§ **Problem to work on**:
Go through the listing below and retype exactly the lines starting at the one with "England versus Mexico, team" and ending at the one with "Measurement Large Pre-Inked", skipping pictures.

§ **Given records**:
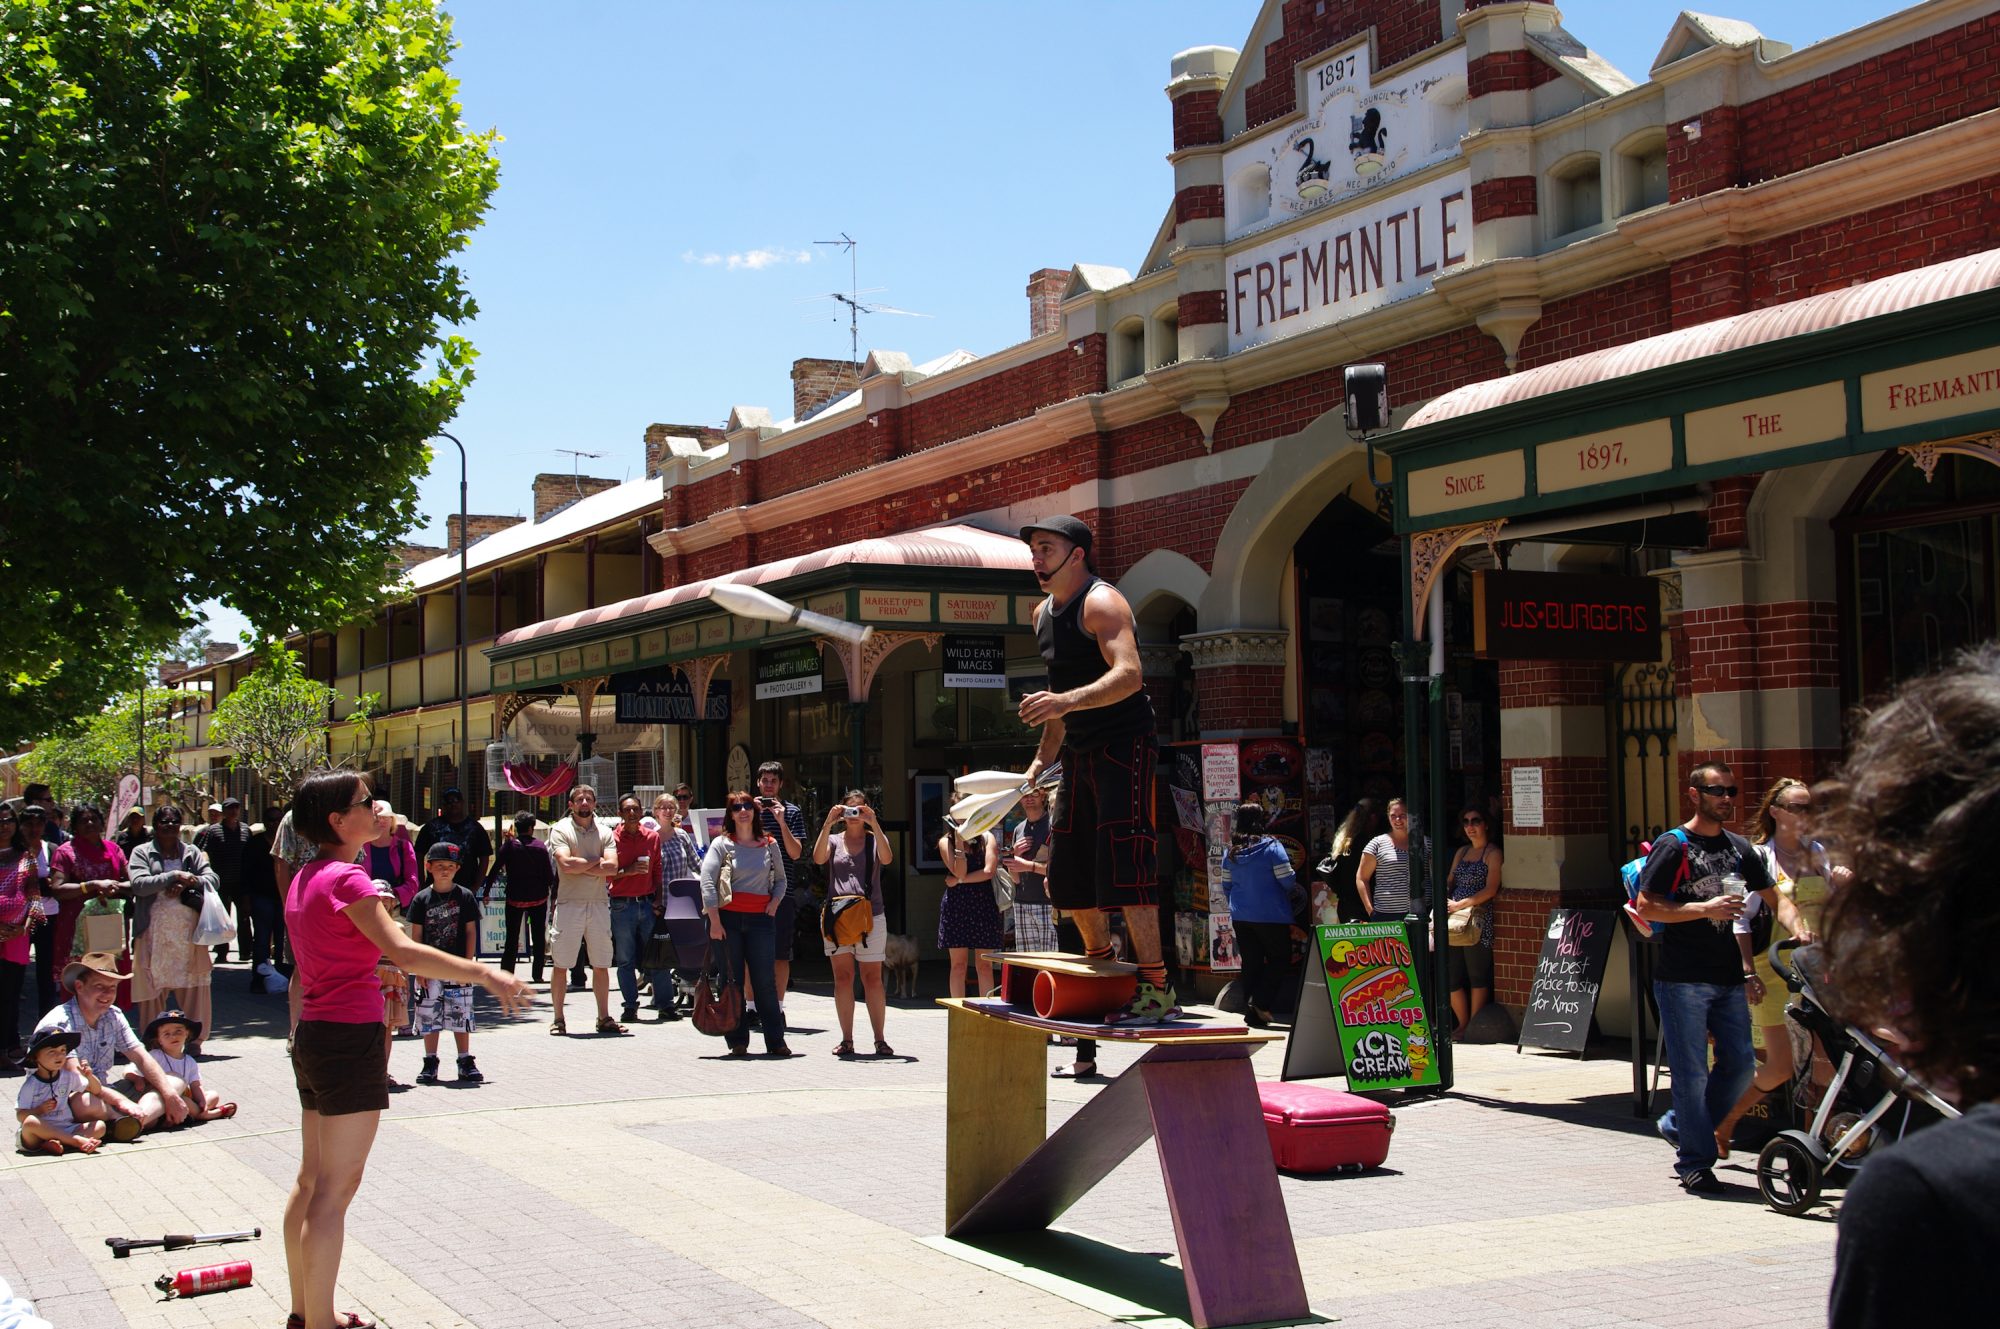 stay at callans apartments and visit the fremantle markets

--

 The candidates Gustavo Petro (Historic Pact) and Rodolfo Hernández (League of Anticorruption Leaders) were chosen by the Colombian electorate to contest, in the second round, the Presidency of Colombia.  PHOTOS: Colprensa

==

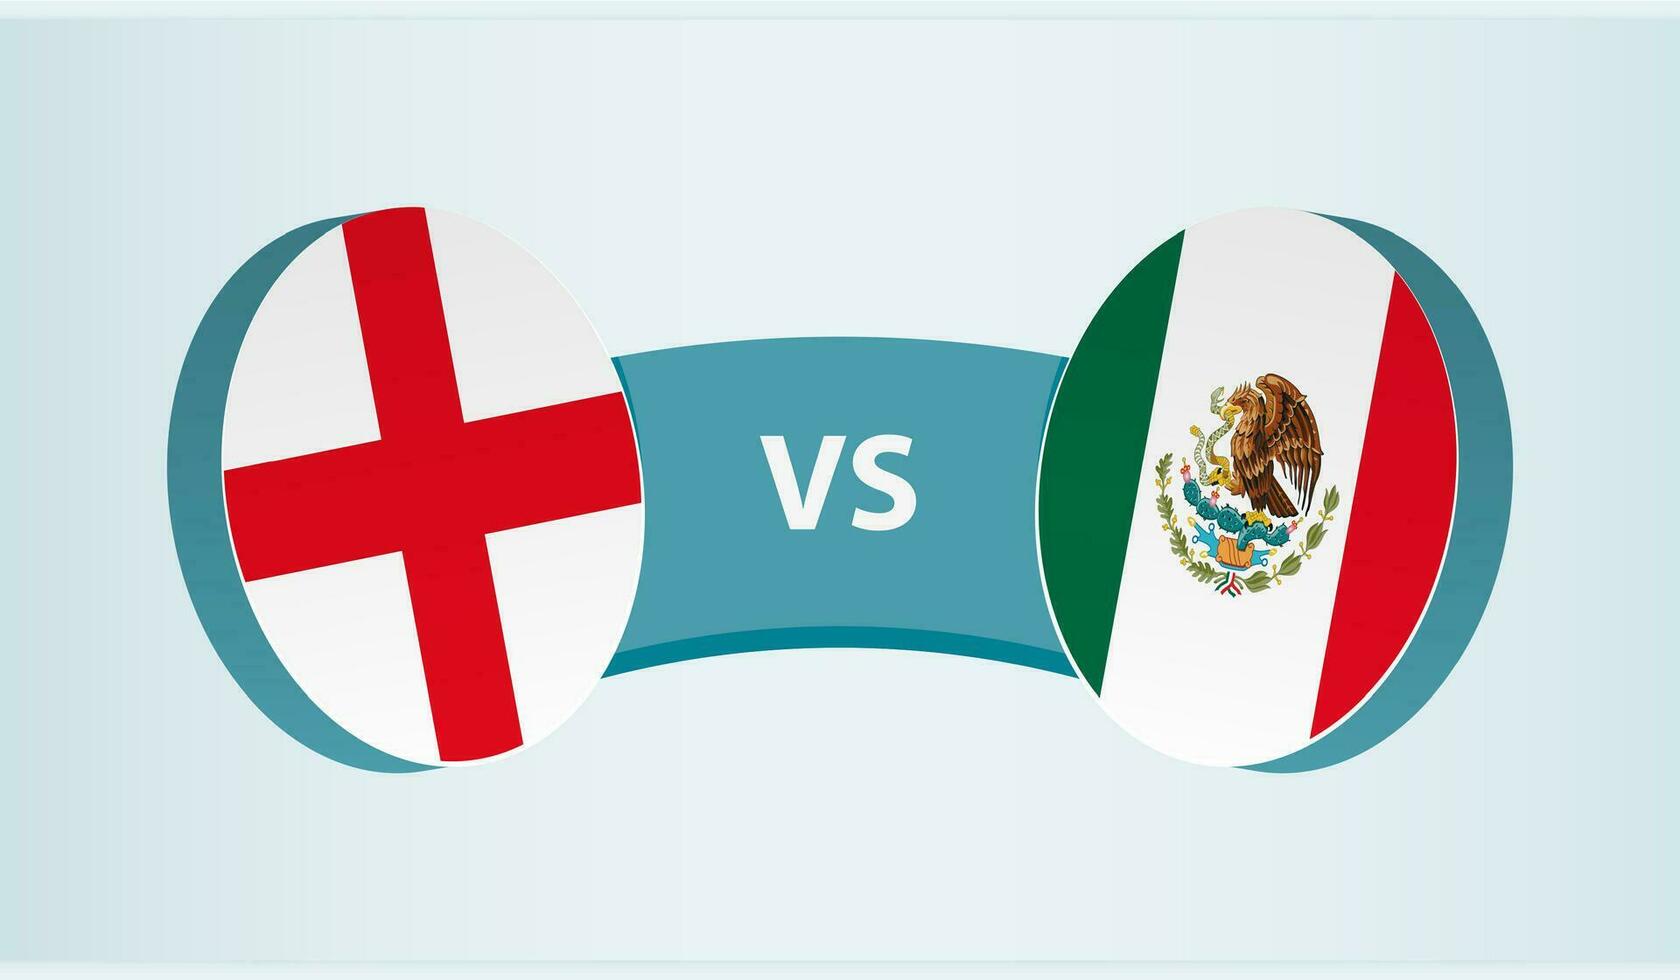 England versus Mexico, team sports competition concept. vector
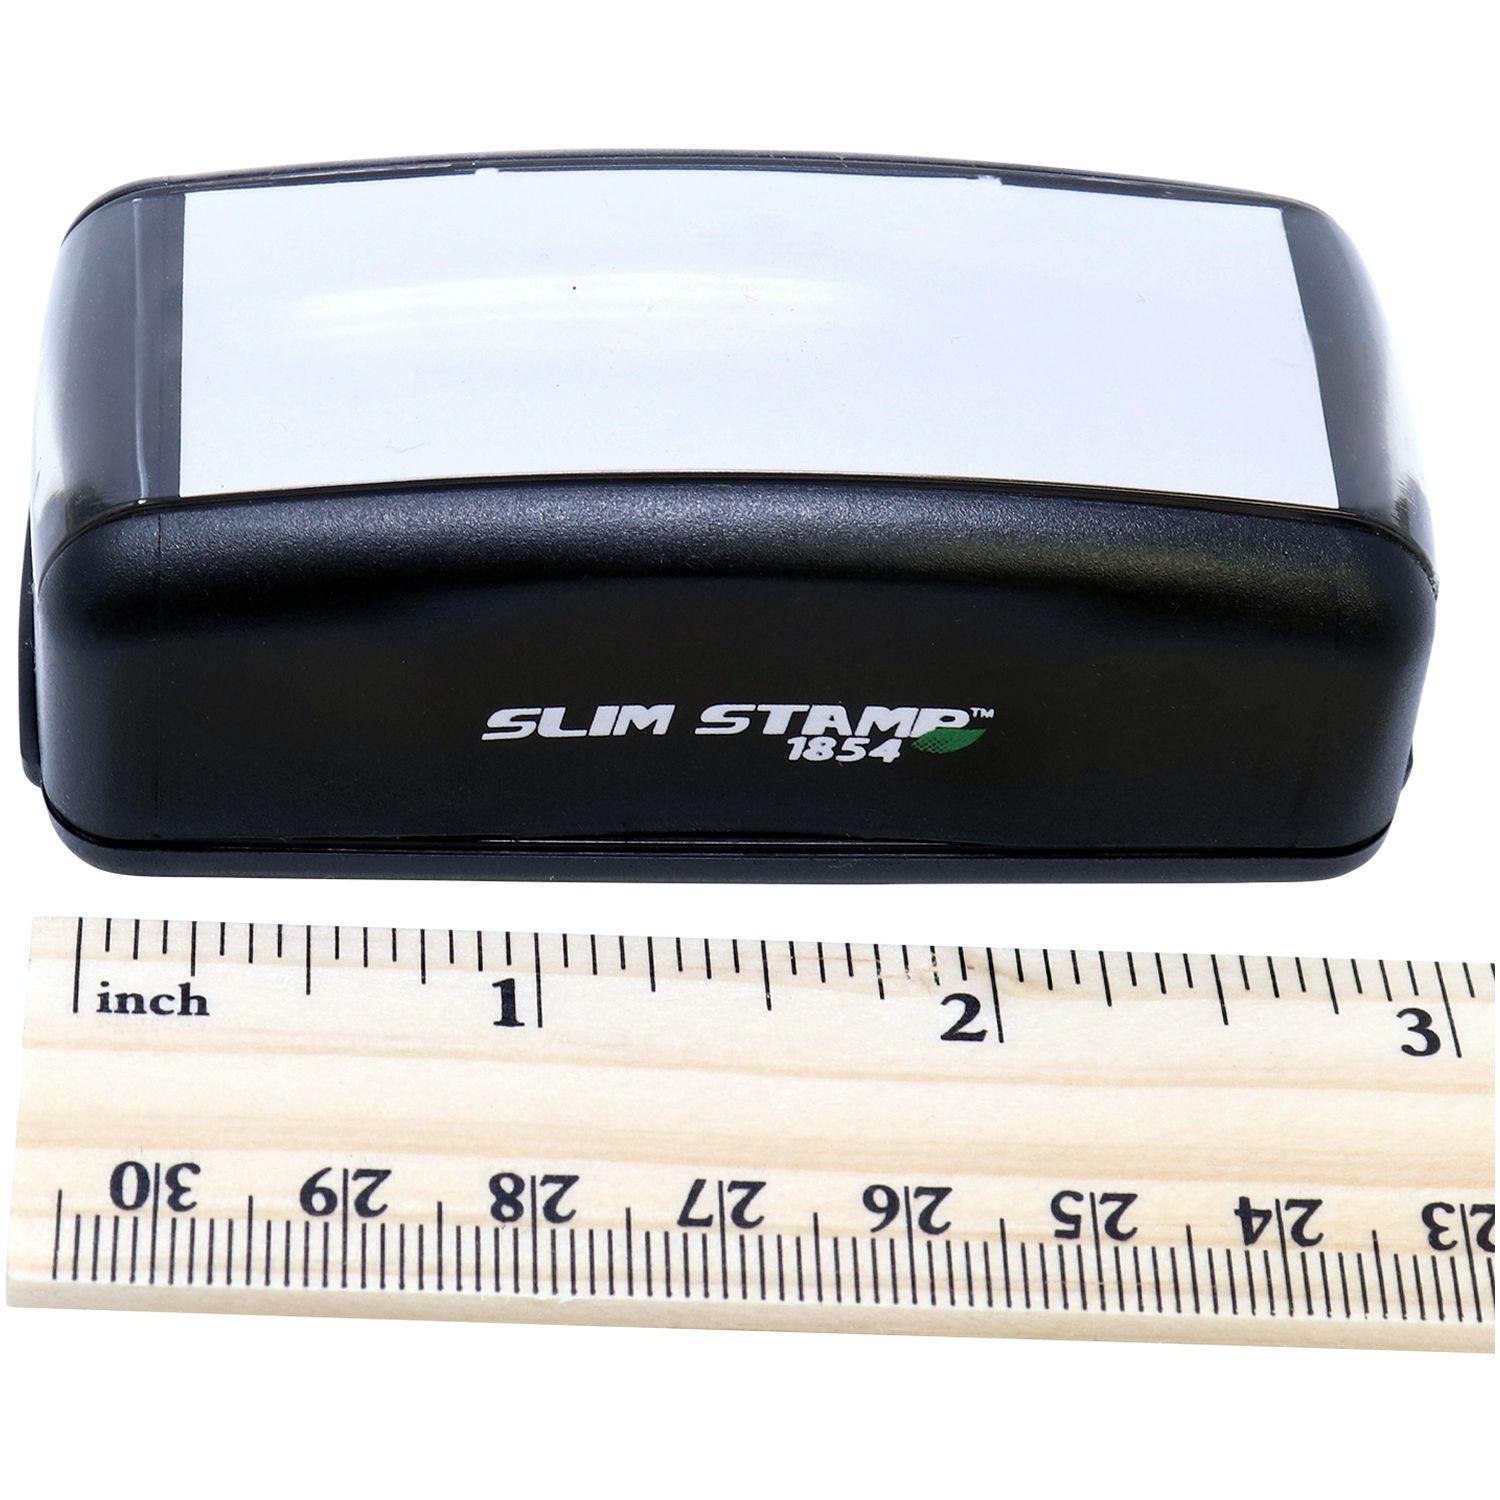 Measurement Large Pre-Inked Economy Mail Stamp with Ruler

§ **Answer space**:
 England versus Mexico, team sports competition concept. vector
 Measurement Large Pre-Inked Economy Mail Stamp with Ruler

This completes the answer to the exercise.